Written by Henry Humphreys, Managing Companion at Humphreys Regulation
Founders can spend years getting their cap desk playbook proper, however when it’s time to construction a sale, they’re usually met with a clean web page. No customary phrases. No mannequin paperwork. Simply the customer’s final deal and their authorized crew’s thought of ‘market’.
No person a lot likes flying blind and – within the absence of any widespread availability of mannequin heads of phrases for M&A – we at Humphreys Regulation have launched Undertaking Hedz.
There Are Customary VC Financing Phrases
Late stage founders who’ve steered their corporations by the funding rounds might be very acquainted with VC funding paperwork, the BVCA mannequin phrases, and so forth. By collection B+, many may have a highly-sophisticated understanding of how and why enterprise capital offers are structured as they’re.

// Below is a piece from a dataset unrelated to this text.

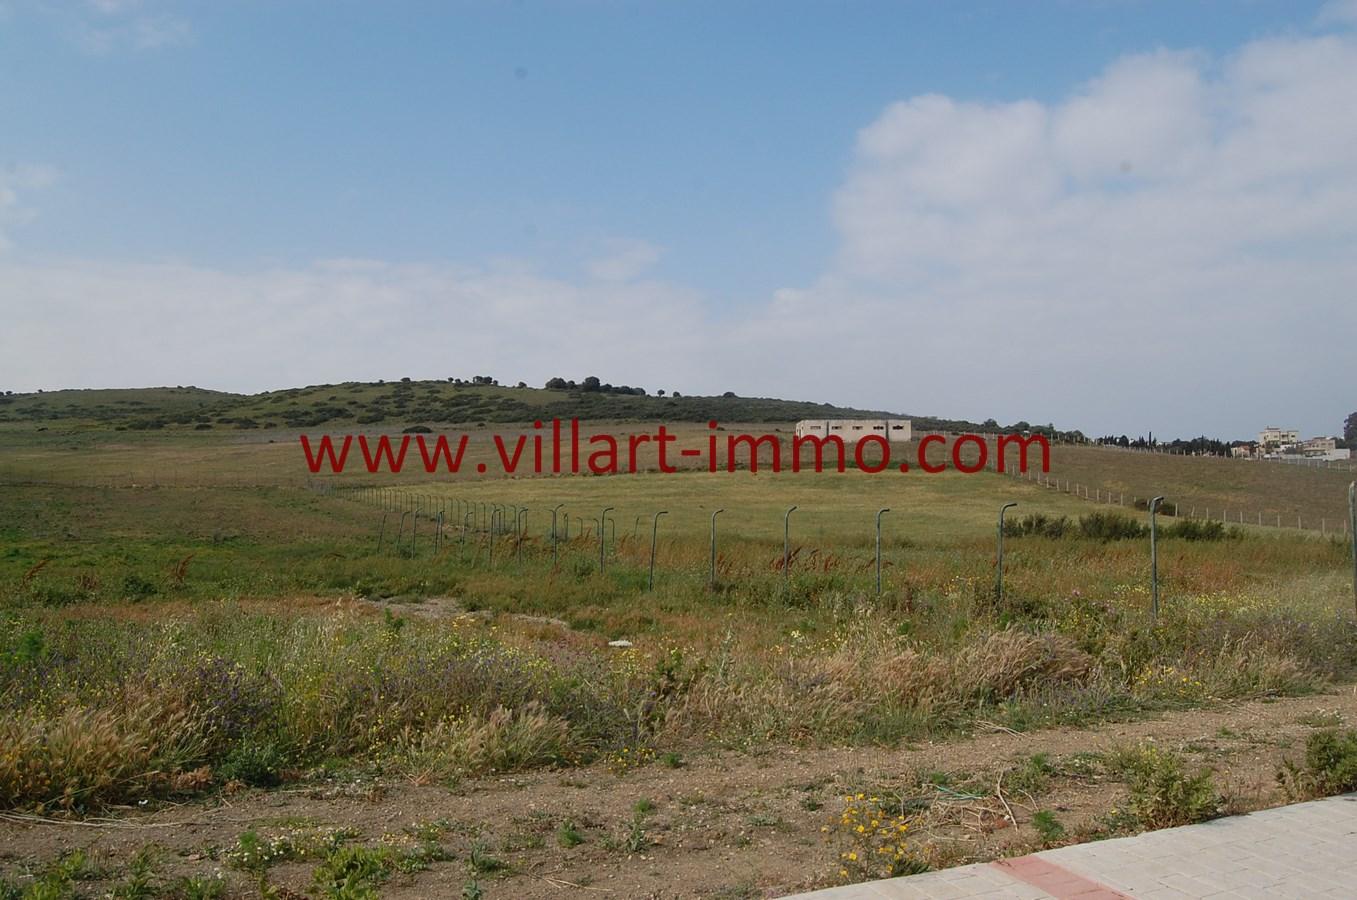 2-Vente-Terrain-Tanger-Jbilat-VT26-Villart Immo

Within the UK, the US (which has the NVCA mannequin paperwork) and different main jurisdictions there are very well-worn paths to documenting VC investments. There may be there a very good understanding socialised amongst advisors and the market usually as to what’s boilerplate and infrequently needing to be negotiated and the place the true factors of leverage and dialogue are.
All of that could be a good factor for getting offers completed rapidly and on smart phrases.
No Customary Strategy or Phrases When It Comes To Exit
However, relating to exit, founders are sometimes stunned to find that there is no such thing as a standardisation of phrases in any respect.
Are there mannequin paperwork to show to? No. Is there a typical consensus of tips on how to construction tech exits and what the market customary phrases are? Undoubtedly not. Is the customer simply taking the paperwork and strategy from the final deal it did and trying to impose that on the sellers? Maybe.
Many offers abort earlier than completion consequently. Some offers are signed anyway however on phrases that at some point the events want they’d had extra time and data to barter away from.
Undertaking Hedz
That’s the reason we’ve launched ‘Undertaking Hedz’ in October. What we’ve completed is make some fundamental assumptions about what mid-market, mid-stage, tech exits often seem like –
- share gross sales (i.e. gross sales of the Goal firm’s complete issued share capital) moderately than asset gross sales (i.e. gross sales by that firm of all or a few of its enterprise with every asset individually transferred throughout);
- a UK-incorporated Goal firm;
- ‘locked field’ offers – that are fastened worth and extra easy – moderately than ‘completion accounts’ offers with a publish completion true up of working capital;
- a purchaser from ‘commerce’ moderately than non-public fairness, the later sometimes having their very own customary strategy and heads of phrases;
- a break up trade and completion to legislate for acquiring the consent of a regulatory, competitors or tax authority (or different conditionality), as is commonly the case; and
- in any other case wish to preserve the drafting within the heads so simple as potential, with the drafting of detailed mechanics to be saved for the lengthy type,
after which drafted up mannequin heads of phrases with accompanying drafting notes.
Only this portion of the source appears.